Че не только сам учился, но и учил своих товарищей. Как врач отряда, он их
учил лечить переломы, делать перевязки и инъекции. Причем предлагал
себя товарищам в качестве "подопытного кролика". В ходе "практических"
занятий он получил свыше ста уколов - но одному или больше от каждого
из них.
Че выполнял в "Санта-Росе" и функции политического комиссара. Кубинец
Карлос Бермудес так вспоминает о нем: "Занимаясь вместе с ним на ранчо
"Санта-Роса", я узнал, какой это был человек - всегда самый усердный,
всегда преисполненный самым высоким чувством ответственности, готовый
помочь каждому из нас... Я познакомился с ним, когда он останавливал мне
кровотечение после удаления зуба. В товремя я еле-еле умел читать. А он
мне говорит: "Я буду учить тебя читать и разбираться в прочитанном..."
Однажды мы шли по улице, он вдруг зашел в книжный магазин и на те
небольшие деньги, которые были у него, купил мне две книги - "Репортаж
с петлей на шее" и "Молодую гвардию".
Другой товарищ по партизанской школе в "Санта-Росе", Дарио Лопес,
отмечает в своих воспоминаниях, что "Че сам подбирал марксистскую
литературу в библиотеку для политзанятий".
Фидель Кастро в "Санта-Росе" появлялся редко.
Он был по горло занят подготовкой экспедиции: добывал деньги, оружие,
посылал и принимал курьеров с Кубы, вел политические переговоры с
различными оппозиционными по отношению к Батисте группировками,
писал статьи, воззвания, инструкции.
Подготовка отряда шла полным ходом. Байо был доволен своими
воспитанниками и обещал закончить учебу к середине 1956 года. На Кубе
Батиста продолжал зверствовать. Полиция подвергала противников тирана
изощренным пыткам, а трупы замученных выбрасывала на улицы или в
море. Диктатор стал марионеткой американских империалистов. Он порвал
дипломатические отношения с Советским Союзом и другими
социалистическими странами, закрыл Общество кубино-советской дружбы,
загнал в глубокое подполье Народно-социалистическую партию - партию
кубинских коммунистов, подчинил профсоюзы гангстерам на службе
предпринимателей. В стране орудовали американские капиталисты, в
армии - американские офицеры, в полиции - агенты ЦРУ.
Остров был наводнен антикоммунистической, антисоветской пропагандой.

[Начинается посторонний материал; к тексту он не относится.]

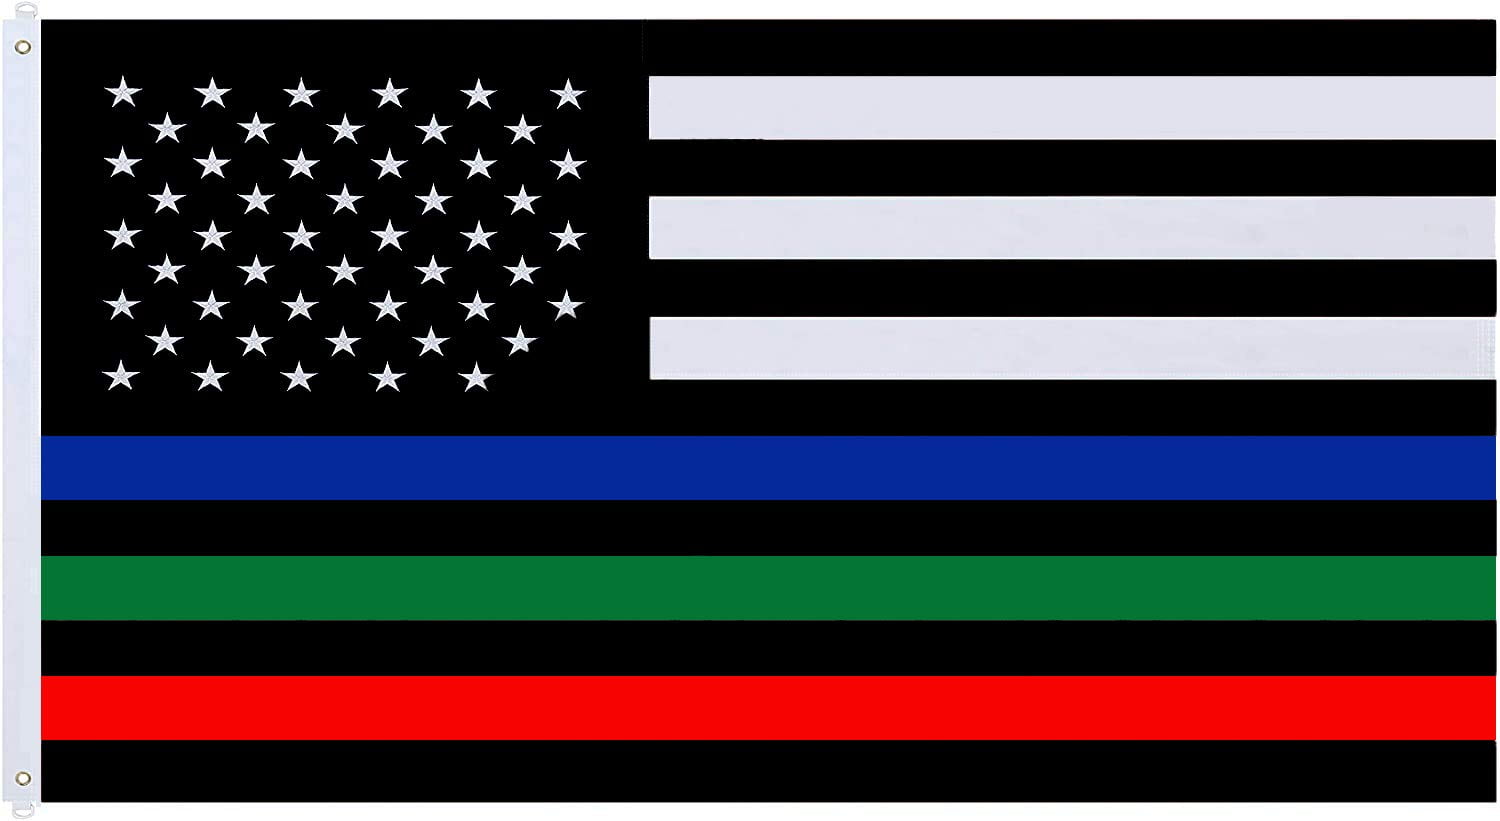 Military FREE SHIP 3X5FT Fire USA THIN BLUE RED GREEN LINE FLAG Police

Куба действительно превратилась в колонию янки. Следует ли удивляться,
что тогдашний вице-президент США провозгласил Батисту за столь
"доблестные" деяния надежным "защитником свободы и демократии", а
посол США А. Гарнер не постеснялся охарактеризовать диктатора,
известного казнокрада и взяточника, "самым честным человеком" из всех
политических деятелей Кубы.
Но кубинский народ был далек от отчаяния. Кубинские трудящиеся,
интеллигенция, студенты, школьники все активнее включались в борьбу
против тирана и его американских покровителей. Подпольная печать
разоблачала преступления Батисты. Все чаще проводились митинги,
демонстрации, забастовки против режима. Диктатор был вынужден закрыть
все высшие учебные заведения страны. Действуя подкупом, шантажом,
угрозами, он пытался заручиться поддержкой оппозиционных буржуазных
лидеров. Заигрывал с церковью. Затеял строительство монументальной
фигуры Христа у входа в Гаванскую гавань. В своих выступлениях говорил о
прогрессе, о благоденствии нации, о патриотизме, кощунственно ссылаясь
на пример Хосе Марти, великого патриота, отдавшего жизнь в борьбе за
независимость. Но ни жестокий террор, ни социальная демагогия, ни
политические интриги, ни хвалебные гимны, в его честь американских
сенаторов, ни благословения кубинского кардинала Артеаги и других
католических иерархов не могли приостановить ширящегося движения
против бывшего сержанта, а теперь генерала и самозваного президента
страны Фульхенсио Батисты.
Фидель знал все это и делал все возможное, чтобы поскорей завершить все
приготовления к экспедиции.
Но и агенты Батисты и ЦРУ не дремали. 22 июня 1956 года чины
мексиканской охранки арестовали на одной из улиц столицы Фиделя
Кастро, затем ворвались на квартиру Марии-Антонии, оставили там засаду,
задерживая всех' входящих. Был устроен полицейский налет и на ранчо
"Санта-Роса", где полиции удалось захватить Че и некоторых его
товарищей. Печать крикливыми заголовками сообщила об аресте кубинских
заговорщиков. Разумеется, всплыло и имя полковника Байо * -
"профессора" партизанских наук.
Кубинские газеты, раболепствуя перед тираном, писали в связи с этим, что
мексиканская полиция якобы имеет доказательства, что Фидель Кастро не
только член коммунистической партии, но и тайный руководитель
Мексикано-советского института культуры.
Как потом выяснилось, в ряды конспираторов проник батистовский шпион
Венерио. Аресты были делом его грязных рук.
26 июня в мексиканской газете "Эксельсиор" был опубликован список
арестованных - среди них фигурировало и имя Эрнесто Гевары Серны.
Газета характеризовала его как опасного "международного
коммунистического агитатора", подвизавшегося ранее в Гватемале чуть ли
не в роли "агента Москвы" при президенте Арбенсе.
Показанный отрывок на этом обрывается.